Lemma 3: The map $\pi_v$ is continuous on $M^v\times \R_{>0}$.

Proof: Every $(Q,s)\in (\pi_v')^{-1}(3)$ has an open ball of radius $\max_{i,j}\{d(\pi_v(Q)_i,\pi_v(Q)_j)\}/2-s$ around it that is still contained within $(\pi_v')^{-1}(3)$. Similarly, every $(Q,s)\in (\pi_v')^{-1}(2a)$ has an open ball of radius $$\min\left\{\frac12\text{diam}\left(\bigcap_{i=1}^{|v|}B(\pi_v(Q)_i,s)\right),\max_{i,j}\{d(\pi_v(Q)_i,\pi_v(Q)_j)\}\right\} \hspace{2cm} (1)$$ around it that is still contained within $(\pi_v')^{-1}(2a)$. The first expression in the $\min$ makes sure the intersection is non-empty, and the second expression makes sure all elements of $Q$ are not the same.

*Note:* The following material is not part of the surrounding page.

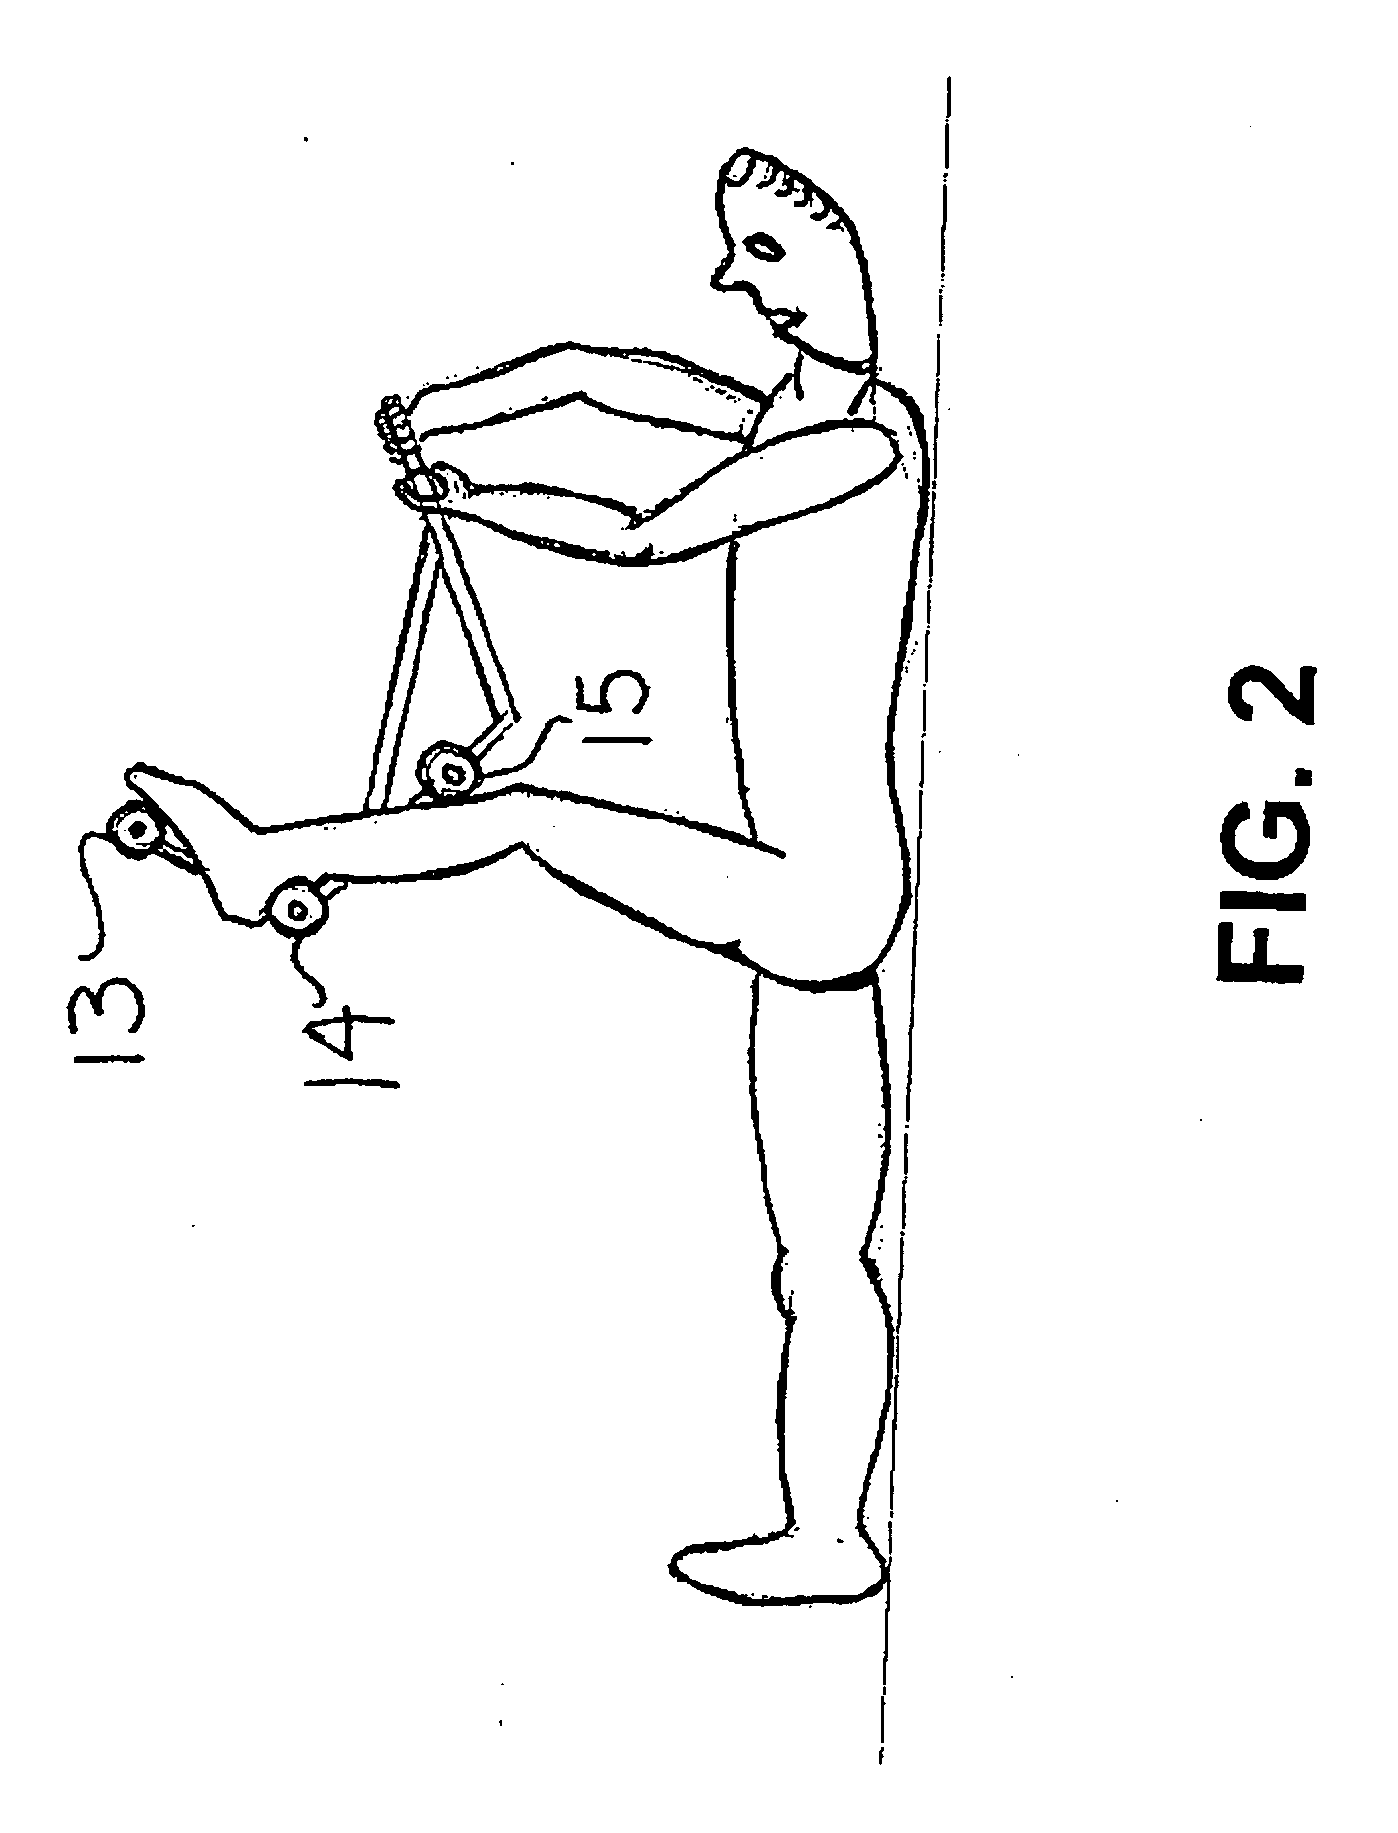 Apparatus for stretching hamstrings

The set $(\pi_v')^{-1}(1<2a)$ is open by the same argument as for $2a\in A$, enlarging the open ball by removing the second expression in the $\min$ of expression (1). Finally, the set $(\pi_v')^{-1}(2a>2b<3)$ is open by the same argument, now enlarging the ball used for $2a\in A$ by removing the first expression in the $\min$ of expression (1). $\square$

Let $q\colon M^n\to \Ran^{\leqslant n}(M)$ be the natural quotient map, and $\check C\colon \Ran^{\leqslant n}(M)\times \R_{>0}\to SC$ be the Čech simplical complex map. For the next propositions, we will use two maps $f$ and $g$ defined as $$\begin{array}{r c l} f\colon M^n\times \R_{>0} & \to & A^{2^n-n-1}, \\ (P,t) & \mapsto & \prod_{v\in T} \pi_v'(P,t), \end{array} \hspace{2cm} \begin{array}{r c l} g\colon \im(f) & \to & SC, \\ f(P,t) & \mapsto & \check C(q(P),t).\end{array}$$ The map $g$ is well-defined because $a\in A^{2^n-n-1}$ with non-empty preimage in $M^n\times \R_{>0}$ specifies whether or not every $k$-tuple of points has a simplex spanning it, for all $k=2,\dots,n$. This defines a unique simplicial complex, so choosing any $(P,t)\in f^{-1}(a)$ will give the same Čech complex, up to renaming of vertices.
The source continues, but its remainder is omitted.